**Assigned task:** Print the data below again in full, exactly as it stands, with no images.

**Dataset extract:**

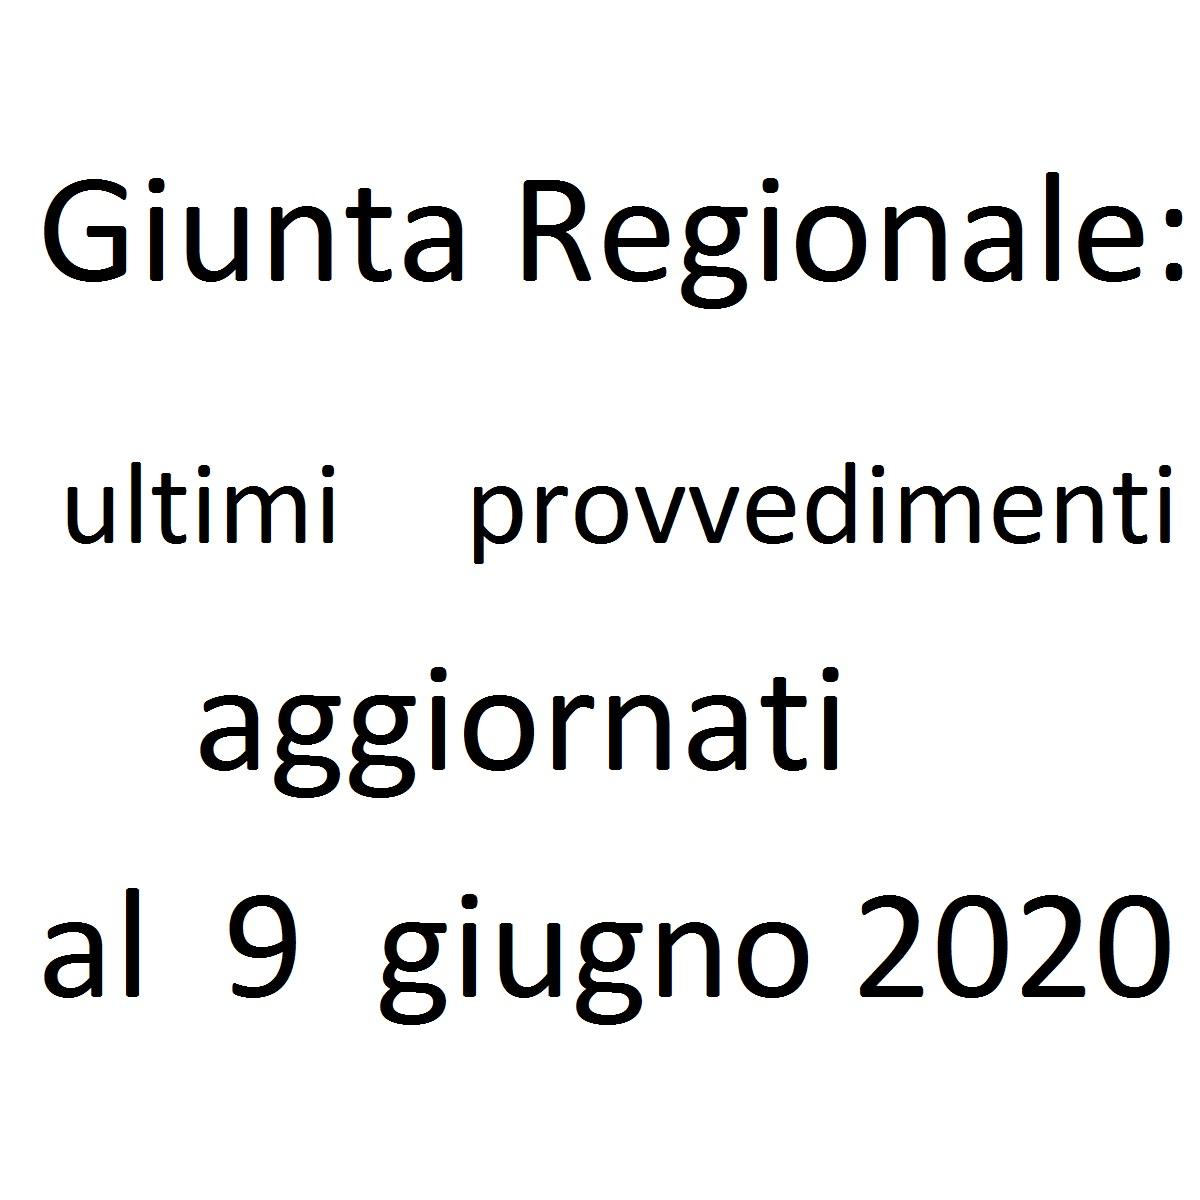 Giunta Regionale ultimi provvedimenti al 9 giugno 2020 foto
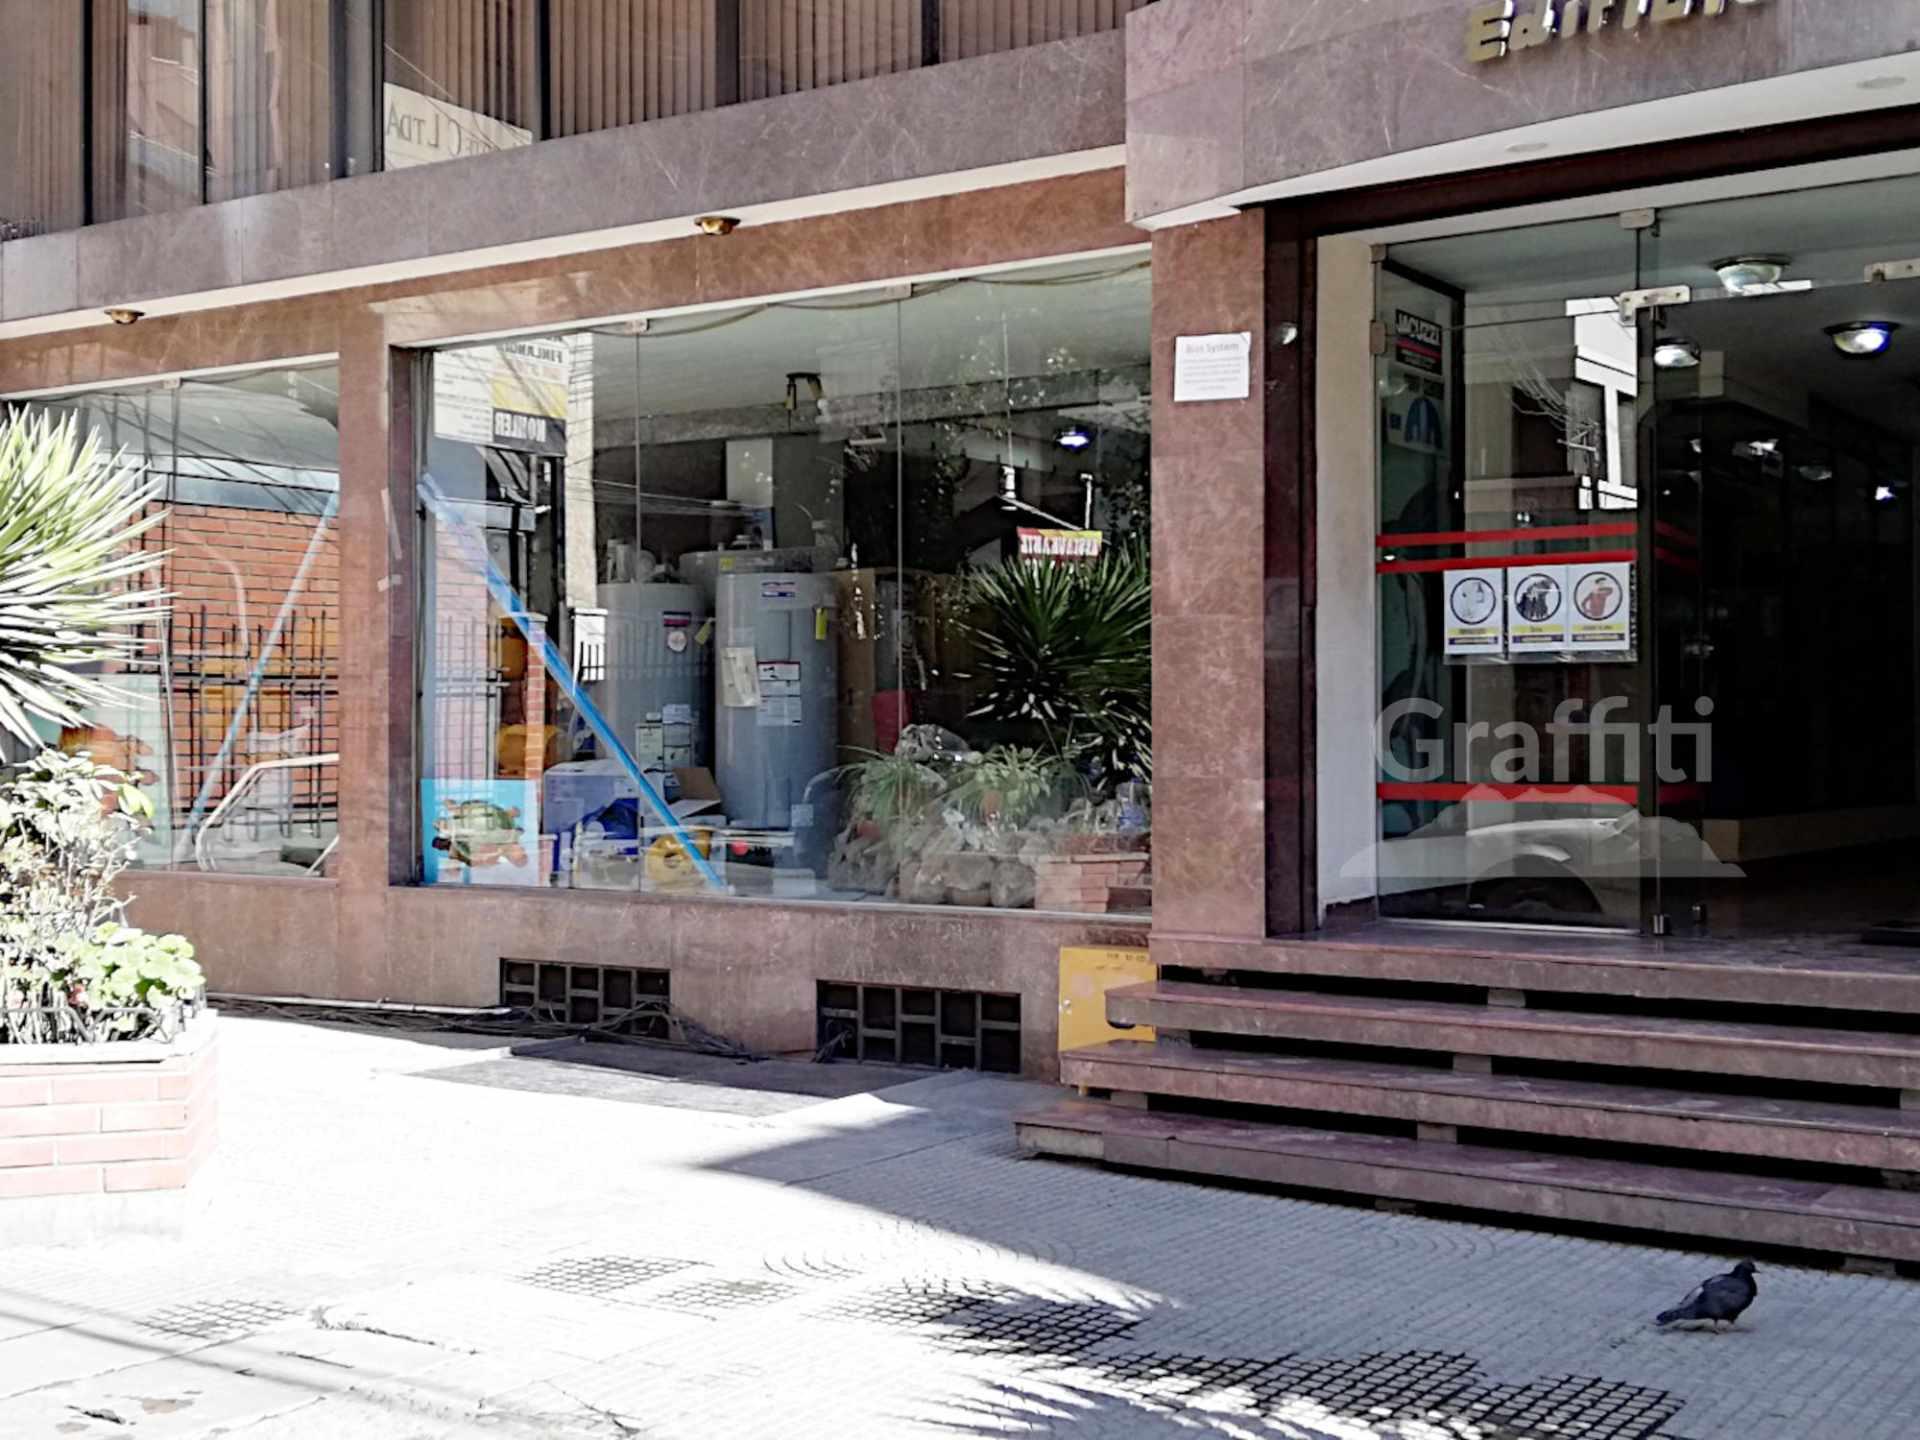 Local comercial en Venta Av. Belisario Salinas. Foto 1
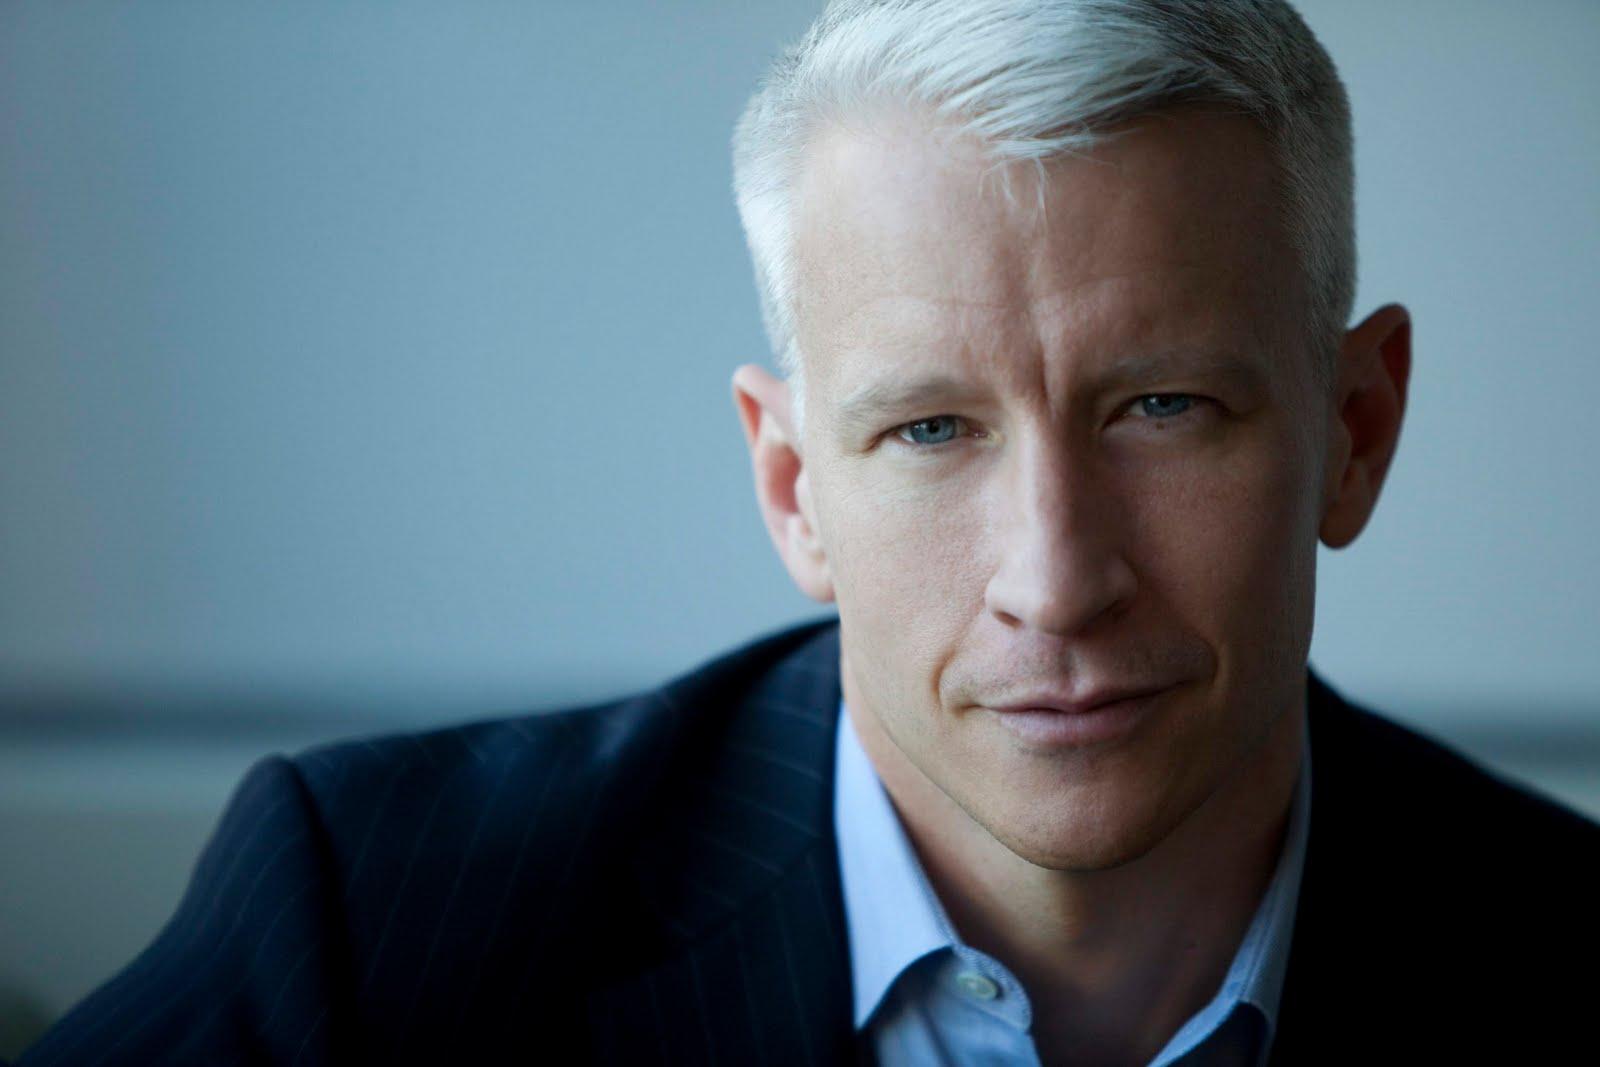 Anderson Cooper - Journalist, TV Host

**Result of this task:**
 Giunta Regionale ultimi provvedimenti al 9 giugno 2020 foto
 Local comercial en Venta Av. Belisario Salinas. Foto 1
 Anderson Cooper - Journalist, TV Host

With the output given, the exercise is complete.